Given material Start Marker

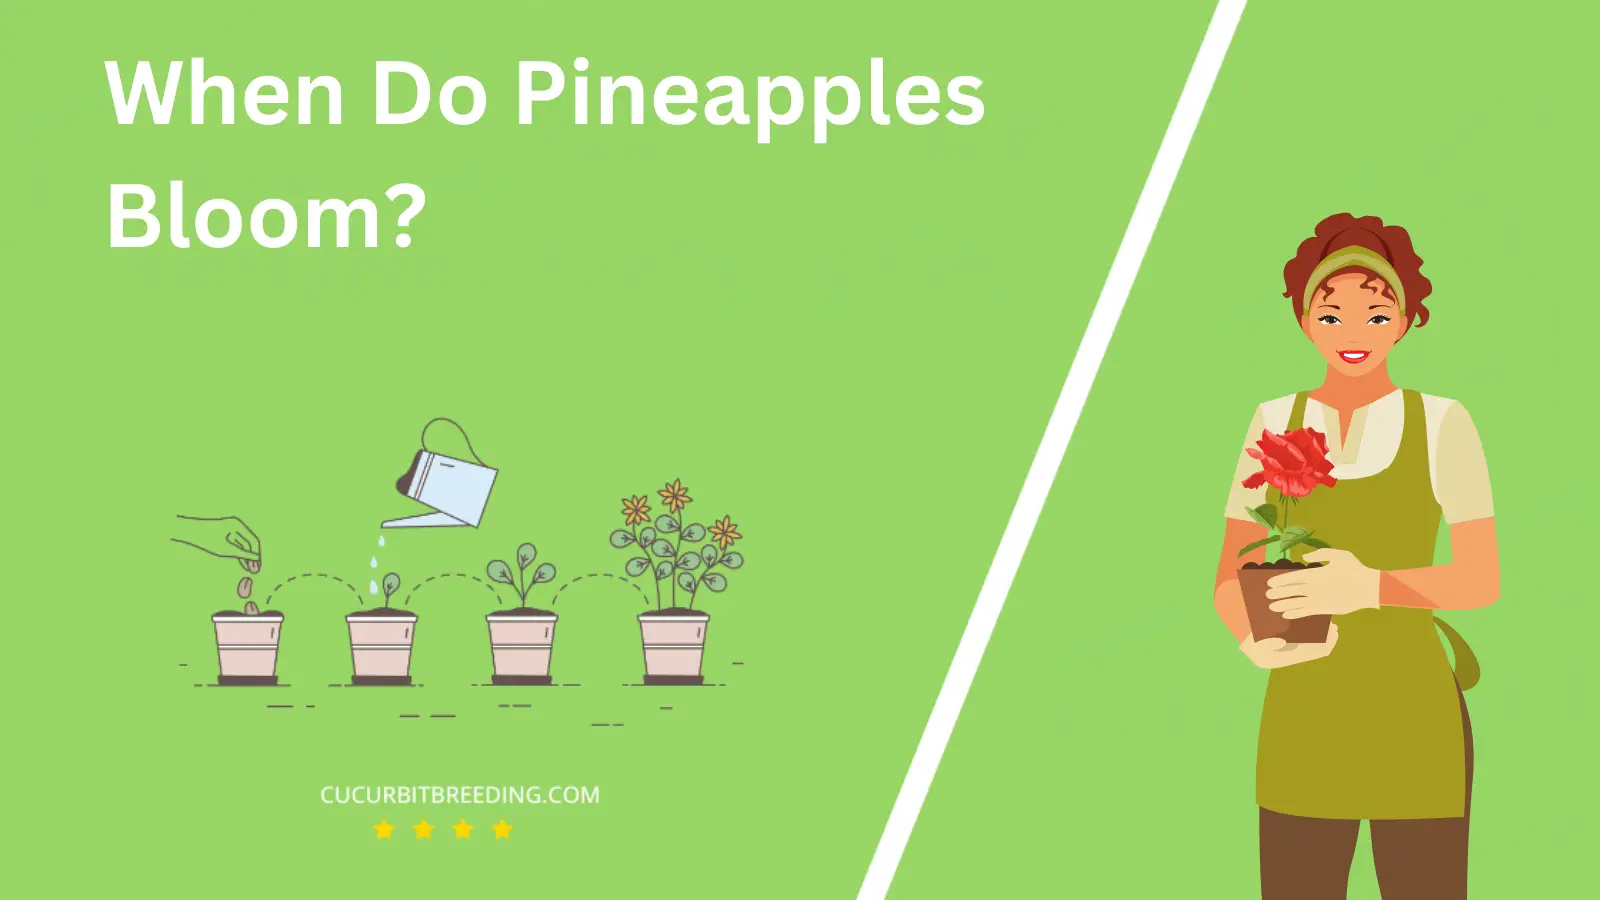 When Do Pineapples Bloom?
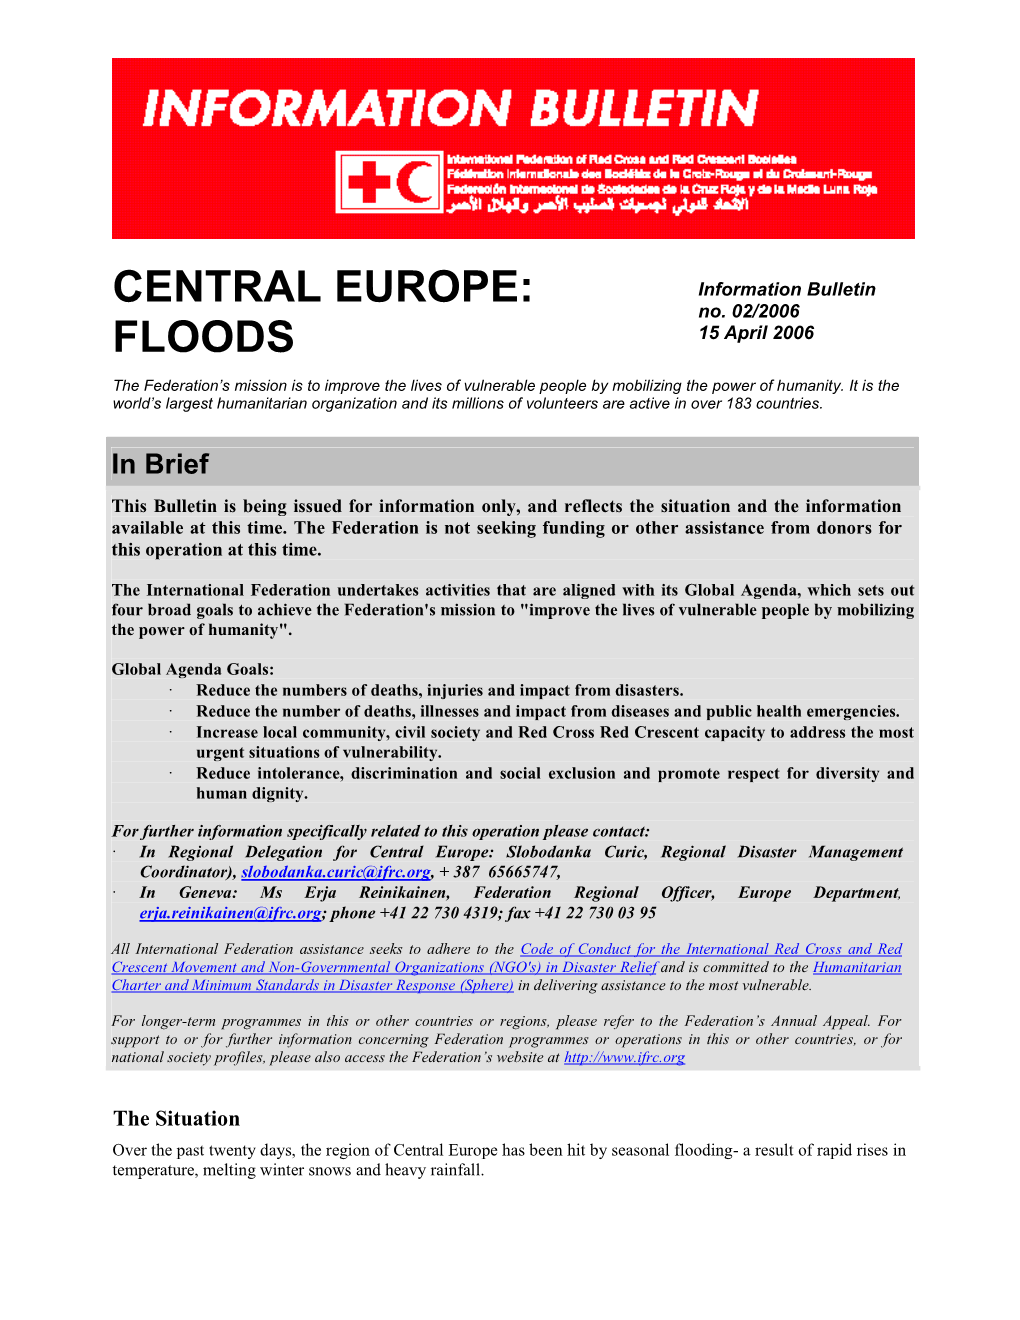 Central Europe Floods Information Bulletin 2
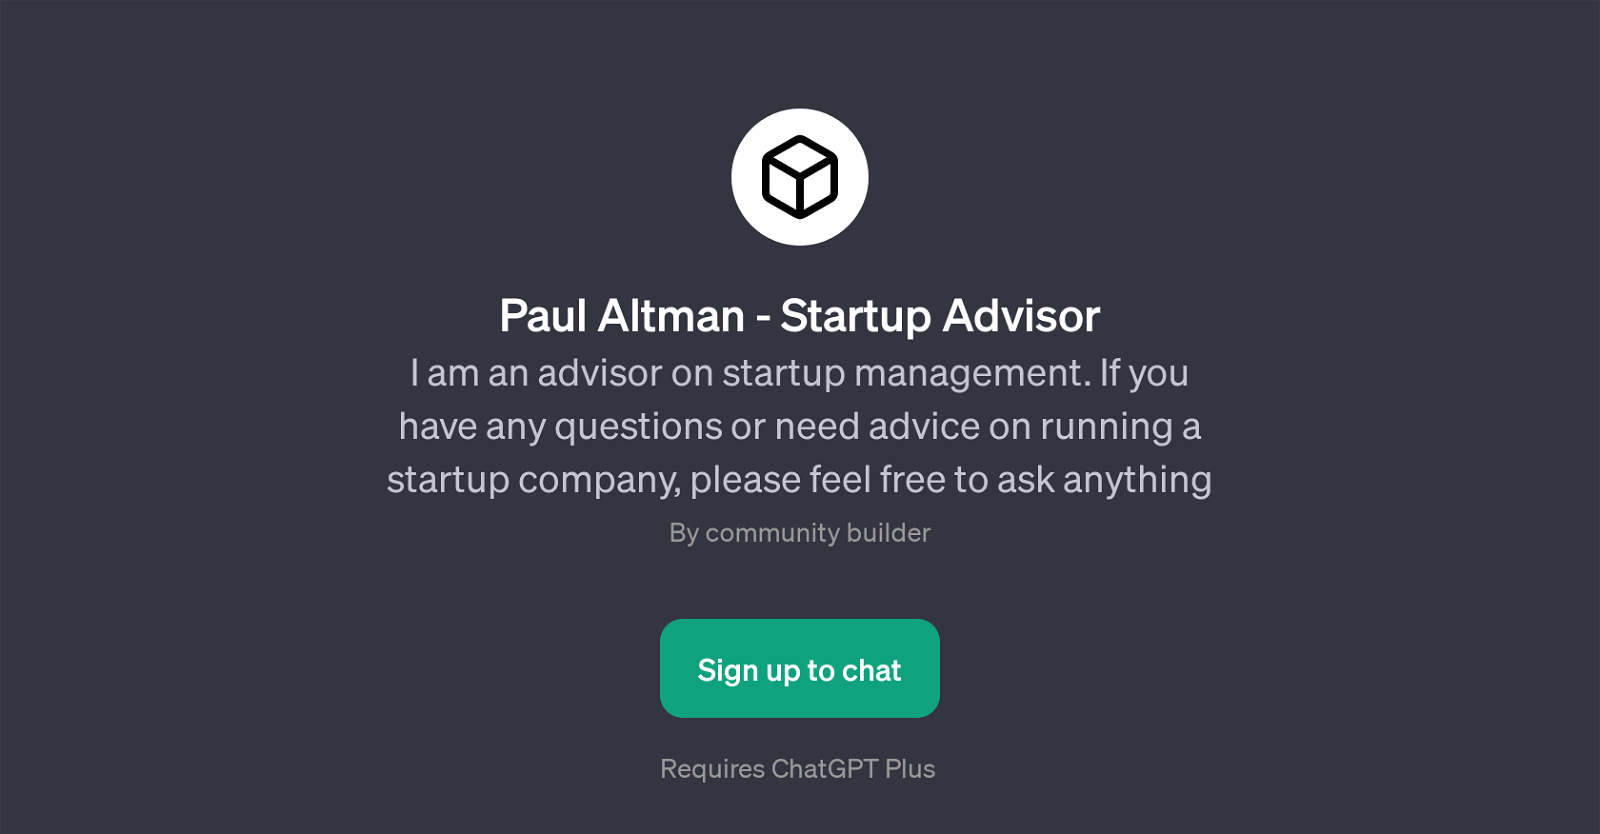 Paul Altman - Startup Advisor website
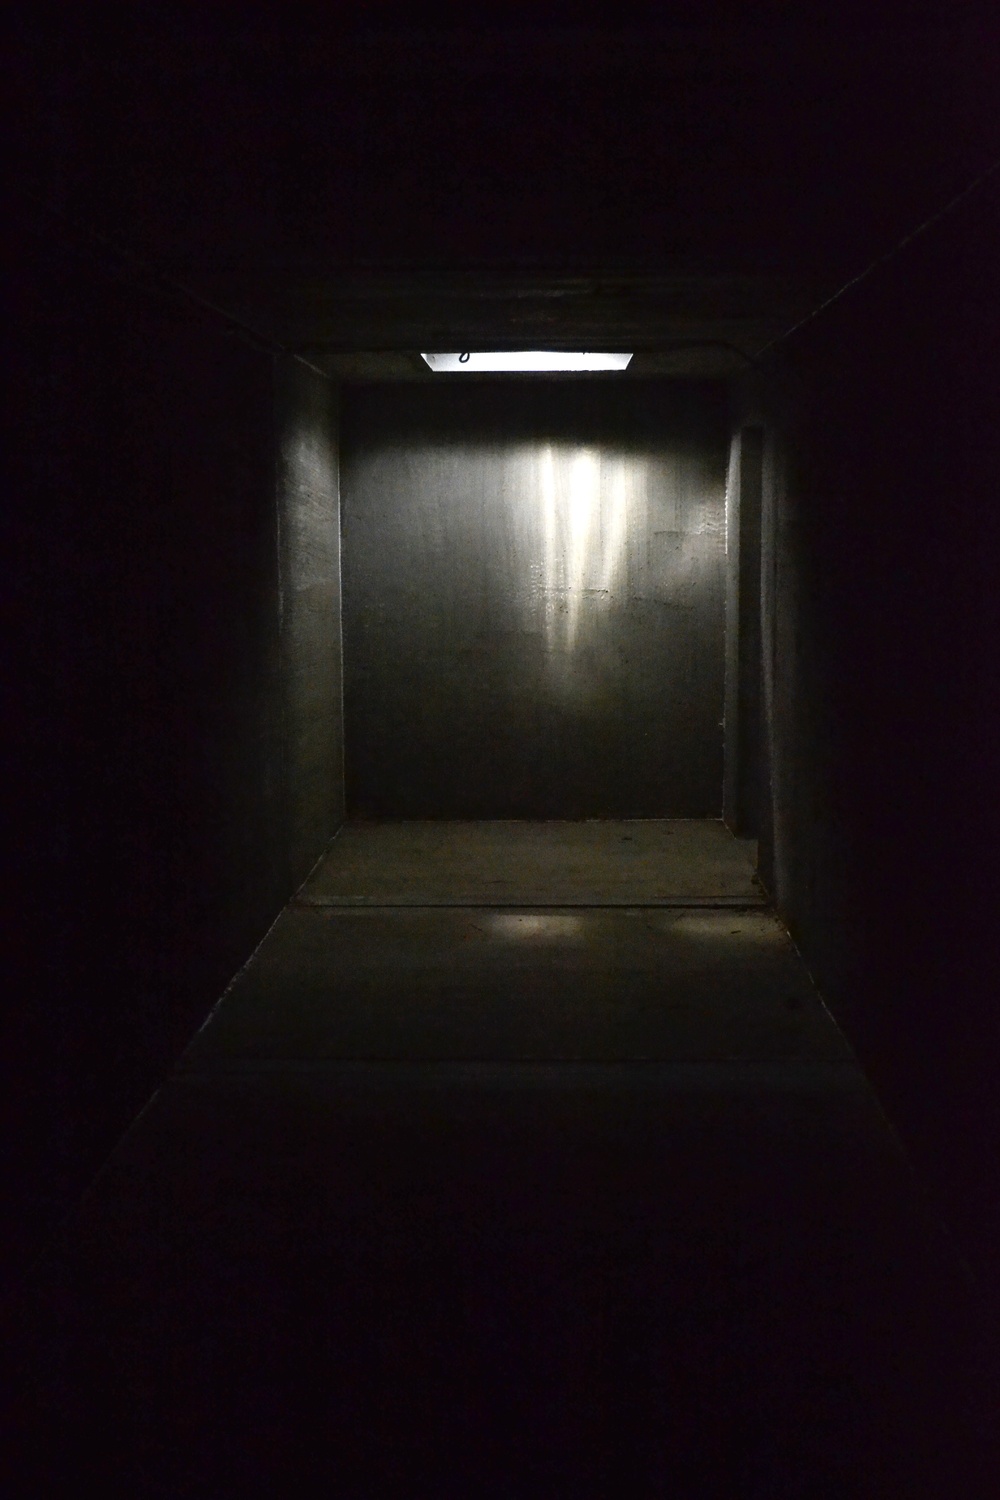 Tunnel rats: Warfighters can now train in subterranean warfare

Given material End Marker

# [Exercise prompt]
Would you give the data above again word for word, minus the pictures?

# [Reply to the task]
 When Do Pineapples Bloom?
 Central Europe Floods Information Bulletin 2
 Paul Altman - Startup Advisor website
 Tunnel rats: Warfighters can now train in subterranean warfare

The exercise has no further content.